Not one but TWO epic fails this week: I did not finish my Zola novel in time for Fanda's April Zoladdiction reading event, and I did not finish my selection for Classics Spin #29. In fact, I didn't even start my Spin selection. For both fails, I blame Zola. Sorry, Zola, but this book dragged so badly that it's squarely tied on the bottom Nana, the only one of his novels that I truly disliked.

His Excellecy Eugene Rougon is the sixth novel in the Rougon-Maquart cycle, and it's fairly short at 333 pages so I thought I'd have no trouble reading it in a week. I've owned this book for a couple of years but had putting it off because it's a political novel, which is not my favorite genre. Sadly, I was correct to be hesitant because I could barely finish it.




Basically, it's the story of the fall and rise and fall and rise again of a politician, Eugene Rougon, who makes appearances in the first two books of the cycle, one of the original Rougons, the bourgeois, legitimate side of the family . The book begins when he has resigned his post in the ministry. As he's attempting to pack up or burn documents in his office, a parade of hangers-on traipse through his office. This is the circle of friends and frenemies and political allies who are most of the recurring characters in the story. Before he leaves office, many of them are still trying to get favors or score points. 

The rest of the novel is basically Rougon and the group scheming, gossiping and back-stabbing one another to achieve their own ends (or example, one character is desperately trying to get a train line re-routed so it's closer to his factory, which will then increase its value). Often Zola will begin a novel by throwing a lot of characters at the reader, and normally they sort themselves out and become distinctive to me, but I had a really hard time keeping all the characters straight in this one, because they were all sort of awful, and not even in an interesting way as in some of the other books in the series. 

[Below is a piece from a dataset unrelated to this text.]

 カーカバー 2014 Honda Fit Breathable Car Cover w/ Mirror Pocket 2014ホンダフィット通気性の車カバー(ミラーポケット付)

Maybe this was the wrong time for this book. There are so many political scandals right now in real life I can hardly keep them straight, and reading about them in 19th century France is even harder since I don't really understand the context very well. After reading the introduction (which I always save for last because of spoilers), I realized that many of these characters are based on real people and there's a lot of satire involved which would have been obvious to contemporary leaders but was lost on me. I didn't particularly find Rougon to be a very well-developed character and I didn't much care for the other main character, a politically savvy schemer named Clorinde who is basically a female version of Rougon. At one point she suggests that they marry but Rougon points out that two such people in a marriage would be a disaster). 

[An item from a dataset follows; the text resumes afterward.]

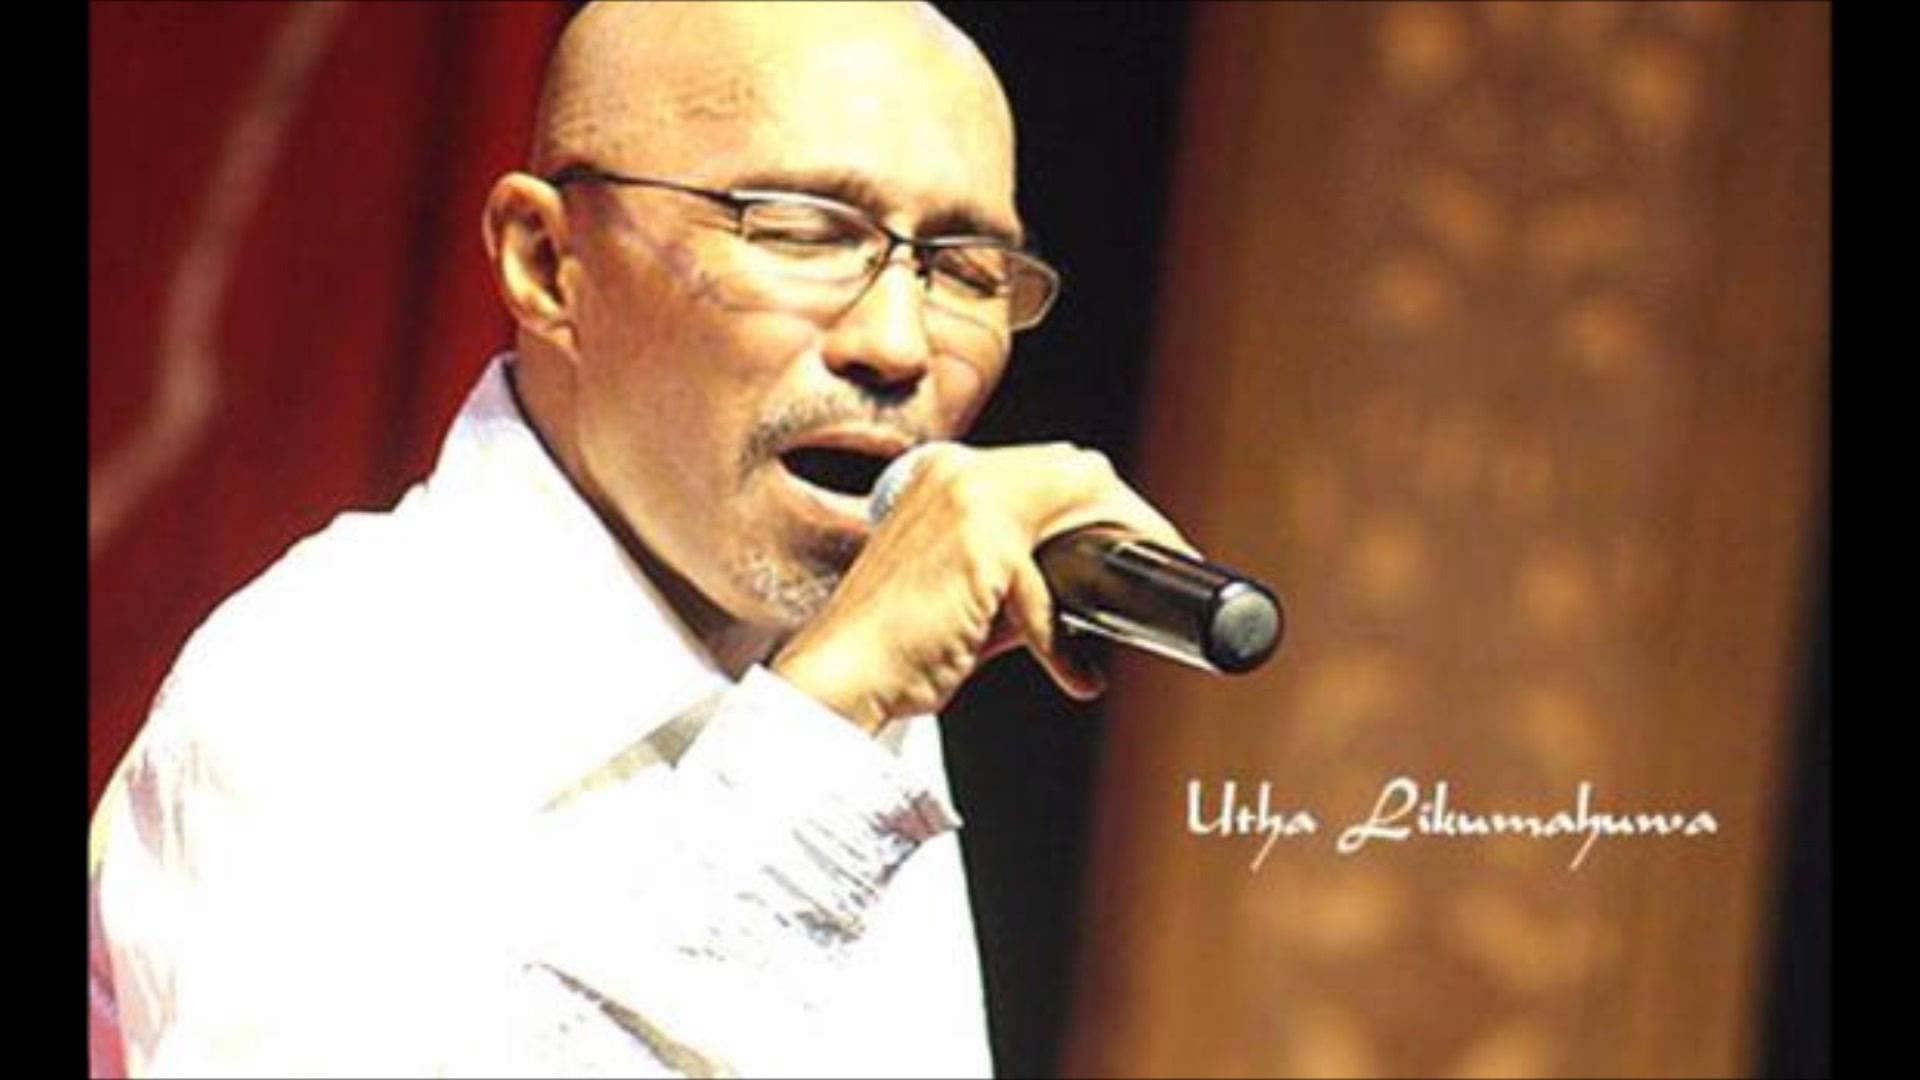 Singer Utha Likumahuwa - age: 56

He loved power for power's sake; free from any vain lust for wealth or honours. Crassly ignorant and utterly undistinguished in everything but the management of other men, it was only in his need to dominate others that achieved any kind of superiority. He loved the effort involved, and worshipped his own capability. . . . He believed only in himself; where others had arguments, Rougon had convictions; he subordinated everything to ceaseless self-aggrandizement.

My other issue with the book was that great sections of it are Zola telling the reader what characters do or have done instead of actually describing or showing it. The parts when there are actual activities and dialogue are much more interesting than the narrator passively explaining it. Towards the end of the book there's a chapter when people are actually doing something and it was the best part of the book, but I had to get through eleven or twelve chapters to actually get there, which was a real slog. And there's SO MUCH gossip! So much scheming, it's kind of exhausting. I guess that's politics though, so maybe this just was not the book for me, or maybe it's just not the right time. But this book is definitely at the bottom of the Zola ranking for me. There are only four more books in the series left that I haven't read and I certainly hope those are better, I'd hate to finish reading Zola with a whimper instead of a bang.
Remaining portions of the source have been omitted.